Committee members, who met Tuesday through Thursday in Indianapolis, want to improve the pace and flow of the game and believe a way to accomplish this goal is to allow players to continue moving after the official blows the whistle. Currently, players must stop on the whistle.
All rules changes must be approved by the NCAA Playing Rules Oversight Panel, which is scheduled to discuss women’s lacrosse proposals July 20.
Under the proposal, players can keep moving while the player possessing the ball restarts play after a foul or violation. There will be a 2-meter nonengagement area around the player awarded possession of the ball.
Players are free to move outside the nonengagement area. For violations of the nonengagement area or delays clearing out of the nonengagement area, teams will receive one initial team warning and then subsequent violations and delays will result in a green card and immediate one-minute penalty.
Upon a change of possession, if the defensive team commits three fouls before the offensive team crosses the restraining line into its attacking end, the defending team will be assessed a one-minute penalty.
All shooting-space fouls and three-second violations, as well as all other fouls committed in the 8-meter arc, will result in an 8-meter free position for the offensive team.
The committee has recommended a new setup for 8-meter free positions that will permit the defensive team to position players at the hashes adjacent to the 8-meter free position. Excluding the offending player who is positioned behind the 8-meter free position, players will be permitted to move freely outside the 8-meter arc; however, players will not be permitted in the playing area below the hanging hashes to the dots.
The committee believes this will alleviate the concerns of shooting space and dangerous slides from low to high during 8-meter free positions.
For fouls that occur in the critical scoring area above goal line extended, possession will be awarded to the offense at the 12-meter arc, the offending player will go behind the offensive player, and there will be a nonengagement area.

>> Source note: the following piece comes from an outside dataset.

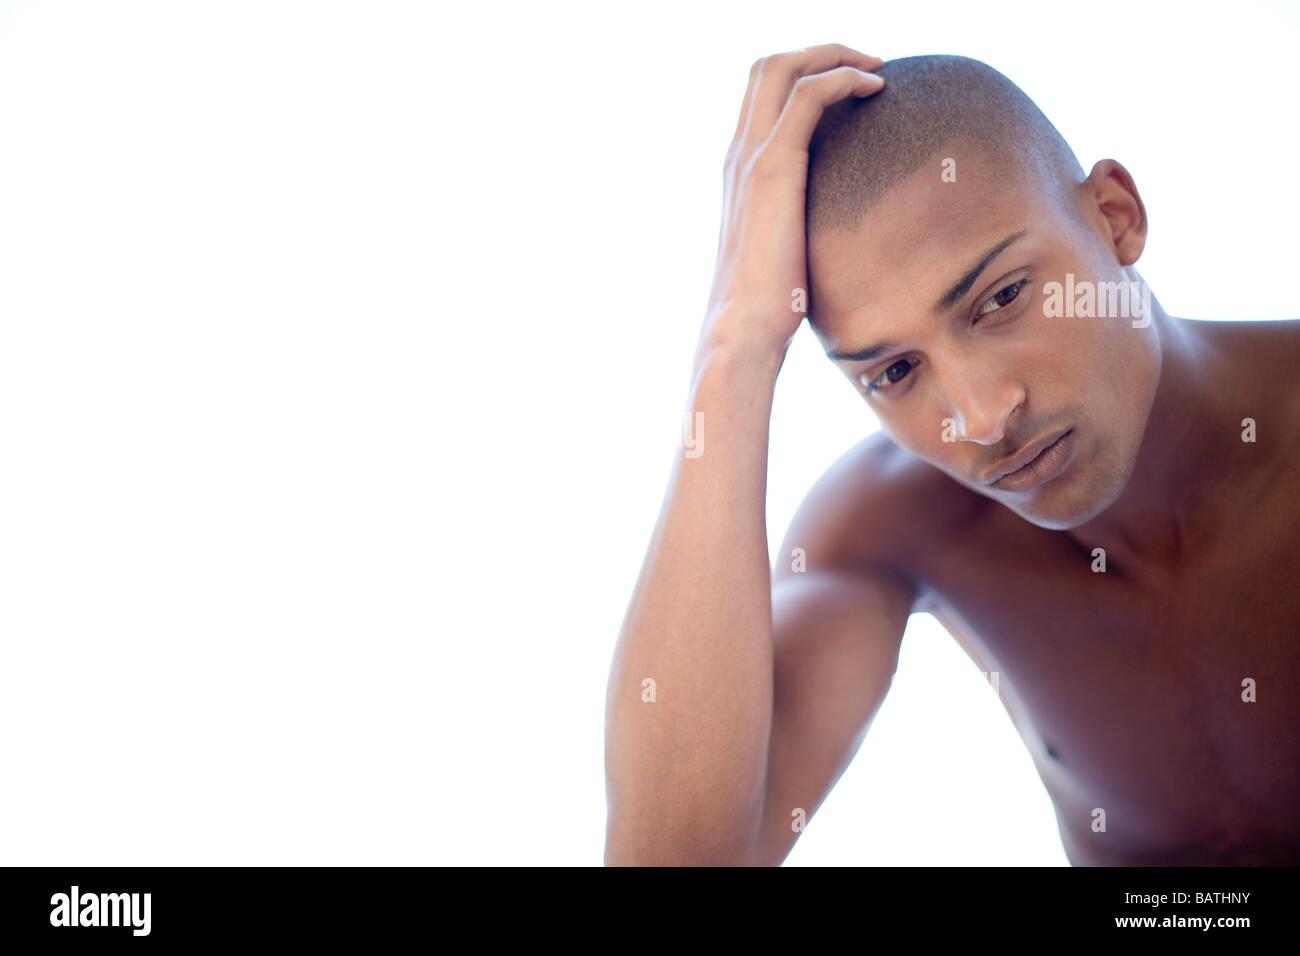 Depressed young man. He is twenty years old. - Stock Image
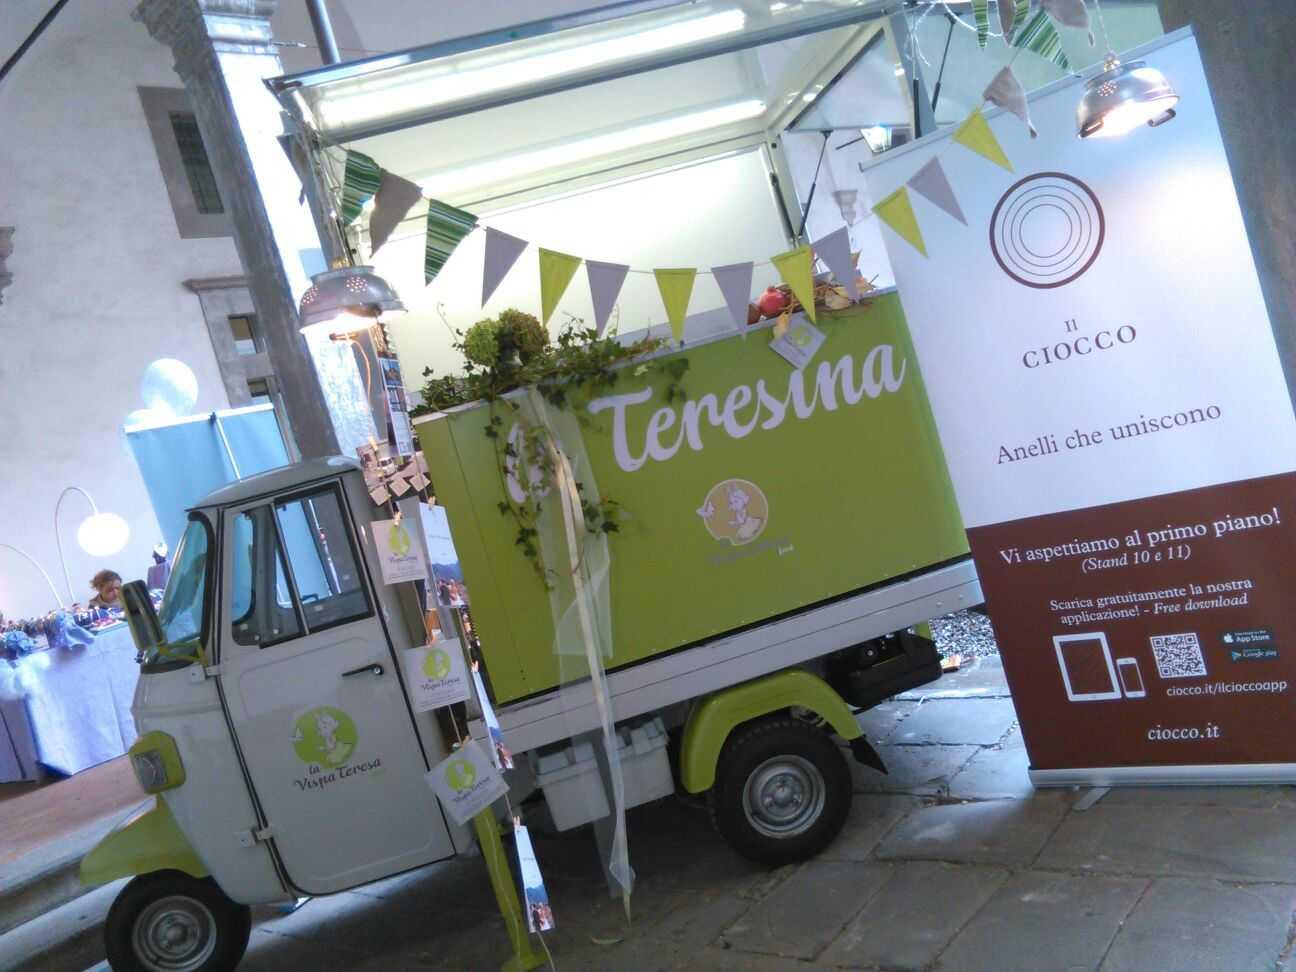 La vispa Teresa store&food

For fouls that occur in the critical scoring area below goal line extended, possession will be awarded to the offense at the dot — located below the goal-line-extended area — the offending player will go behind the offensive player, and there will be a nonengagement area.
Committee members believe changes made the past two seasons, including self-starts and adding a 90-second possession clock, set the groundwork for their new proposals.
“This felt like a natural progression for the game to move toward,” said Jen Adams, rules committee chair and coach at Loyola (Maryland). “We are looking at this through the lens of we are moving to what a lot of other sports have. Instead of having a unique freeze-tag type of rule, we are going in a direction to increase the pace and flow of the game.”
Breaking: NCAA Rules Committee Recommends Big Changes to the Girl’s Game – Ruling Scheduled For July 20th
Written by Lee Roggenburg on . Posted in Across The LAX World, Florida Lacrosse News, Parent’s Corner, Understanding The Rules.
via NCAA press release
Author’s Note: For those who play and follow the Girl’s game these changes are truly revolutionary in finding a balance between keeping the Girl’s game unique and solving some of the more vexing issues with watching the sport grow, particularly the speed of re-starting the game from a blown whistle and the taking away of a clean goal due to a whistle that did not effect the play itself. Hopefully the NCAA Ruling Panel will go ahead with all of these and then we can reflect back two years from now if any adjustments need to be made.